Scrappage policy, reopening of schools will boost Jamna Auto products
The vehicle scrappage policy announced by the government in August 2021 is set to be one of the triggers for Jamna Auto. According to the policy, new commercial vehicle registrations will be valid only for ten years. Post this period, the vehicles will have to go through a mandatory fitness test. For vehicles that outlive their utility, the scrappage policy offers a rebate on new vehicles purchased in place of old one and there are tax concessions proposed for new vehicles. This will set in place a shorter replacement cycle.
Another push for commercial vehicles is coming from the e-commerce industry. The pandemic has given a big fillip to e-commerce. Commercial vehicles are in demand for last-mile connectivity in e-commerce operations. This trend is expected to continue due to the convenience of e-commerce and home delivery, which people are more comfortable with post-pandemic.

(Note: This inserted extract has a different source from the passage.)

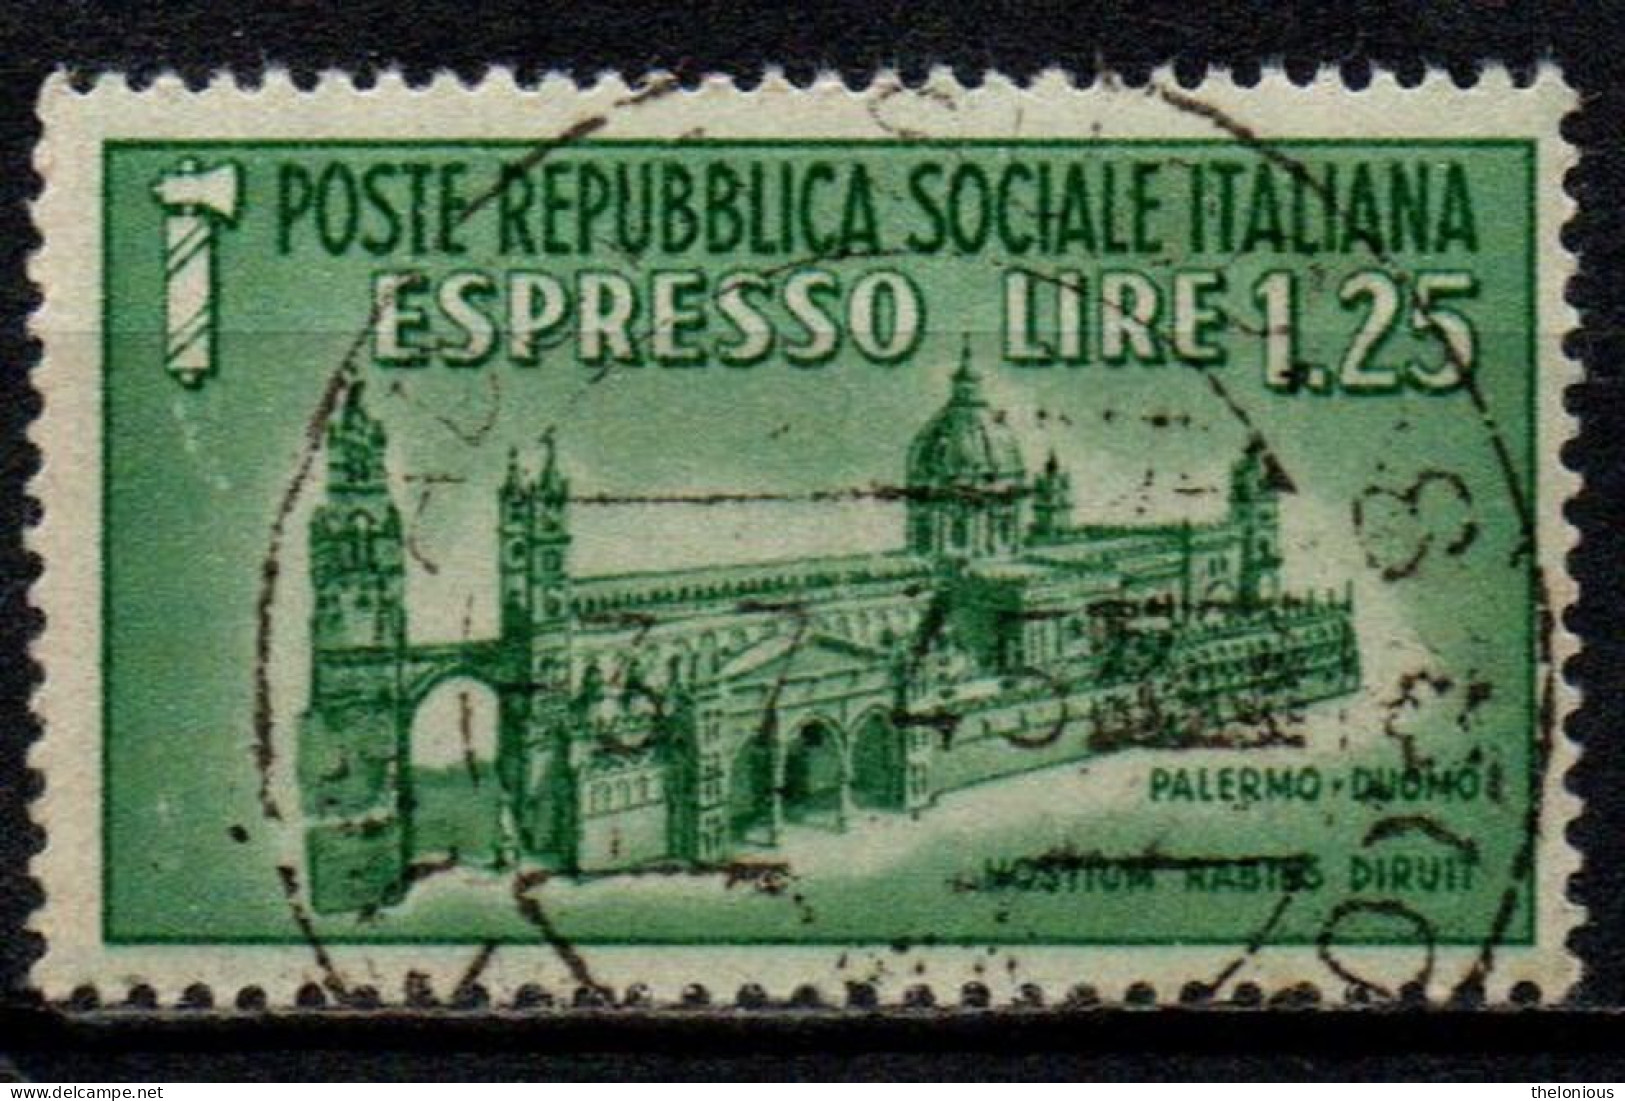 1944 Repubblica Sociale: Monumenti Distrutti - Espresso Lire 1,25 Usato - Correo Urgente
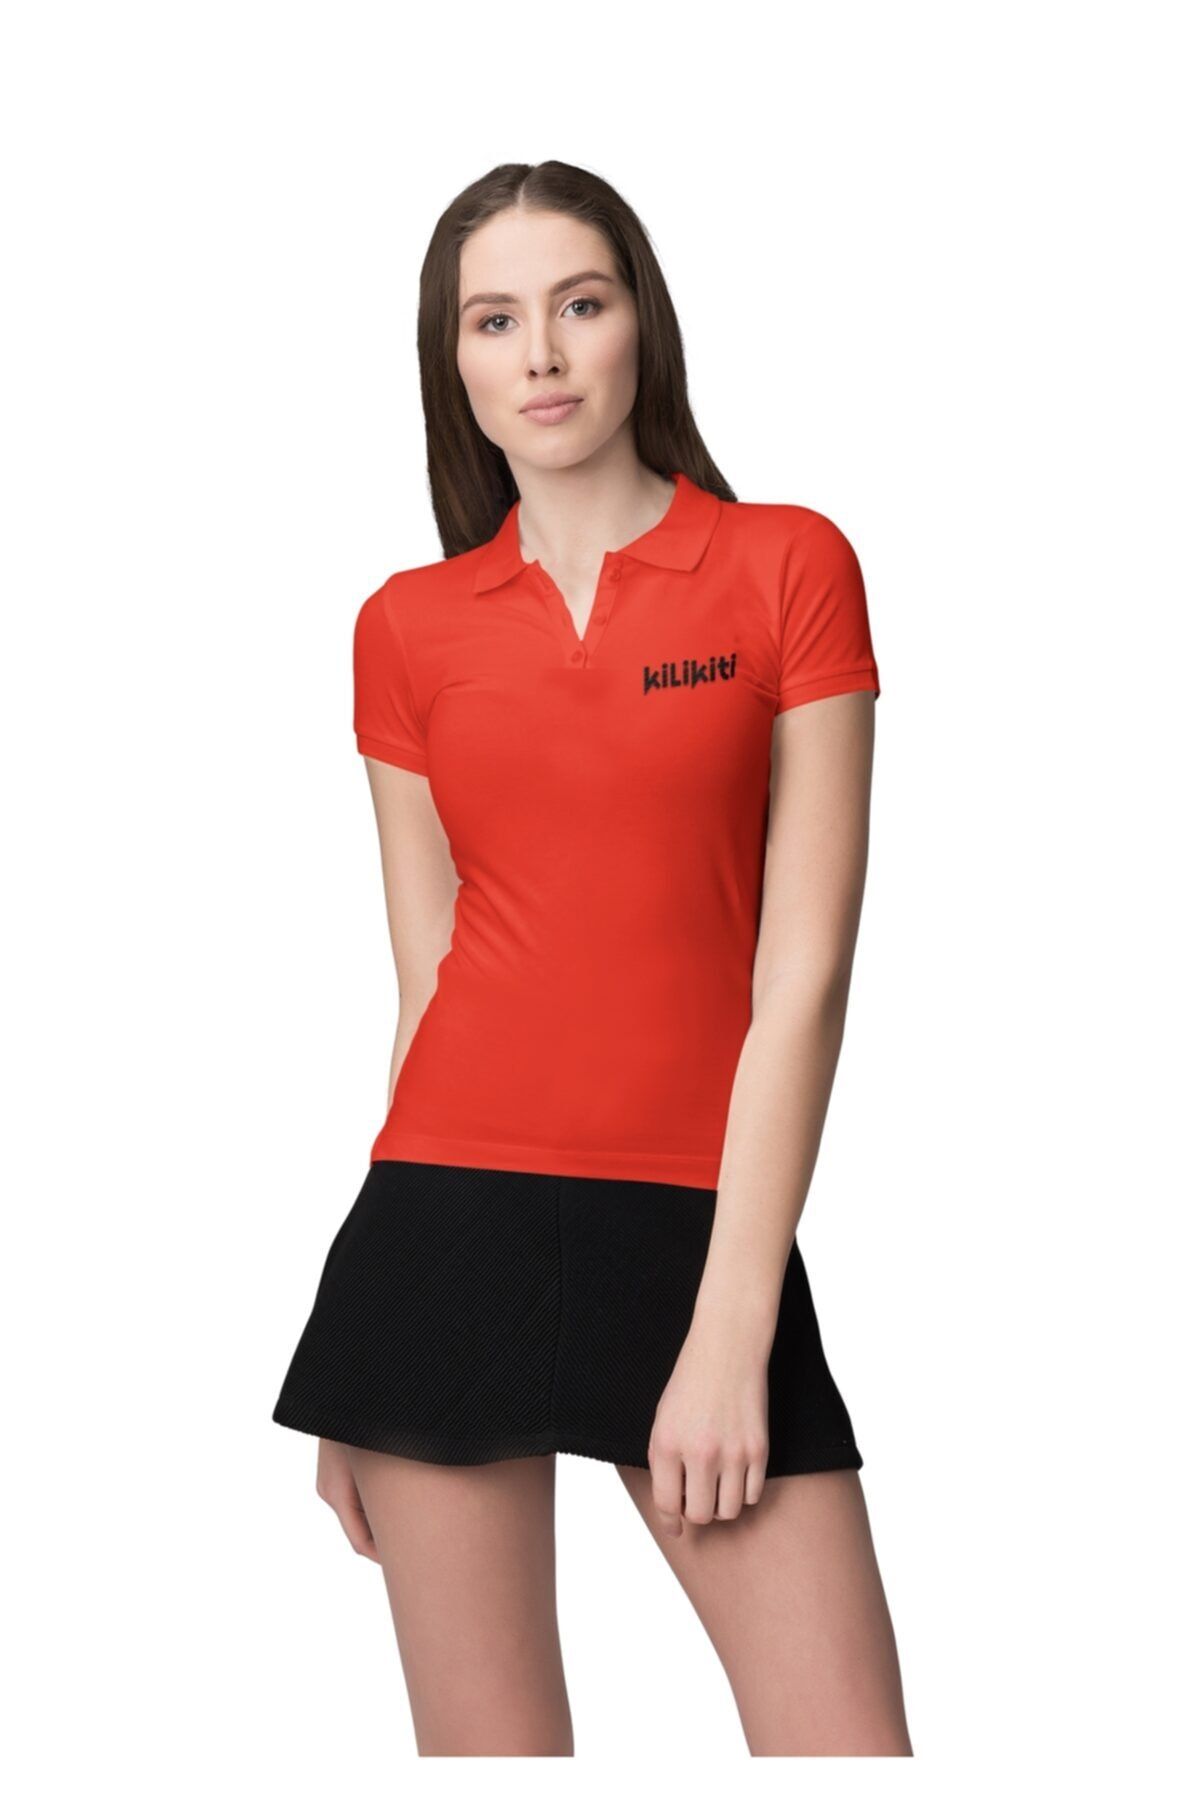 KİLİKİTİ Kadın Spor T-shirt Polo Yaka Kırmızı

One area where Jamna Auto products will find demand in new as well as replacement markets is buses. Since March 2020, most schools are closed and even corporate transport is a fraction of what it was prior to the pandemic, the buses are idle. With the return to normalcy expected in the next few quarters, there would be a surge in demand for new buses as well as repair and replacement of parts of these idle buses.
Jamna Auto Industries has a roadmap laid out called ‘Lakshya 50XT’ with the objective of meeting targets for the next five years. This plan targets growth and product diversification. Key targets include generating 50% revenue from new markets including 10% from exports, 50% revenue from new products, ROCE of 50%, and a dividend payout of 50%. Investors can use this benchmark to keep a track of the company's progress.
Jamna Auto has responded to challenges in the past two years and is showing signs of getting back on track in tandem with the revival in the commercial vehicles industry. With an ambitious roadmap in place, FY22 might just see the company spring back into action.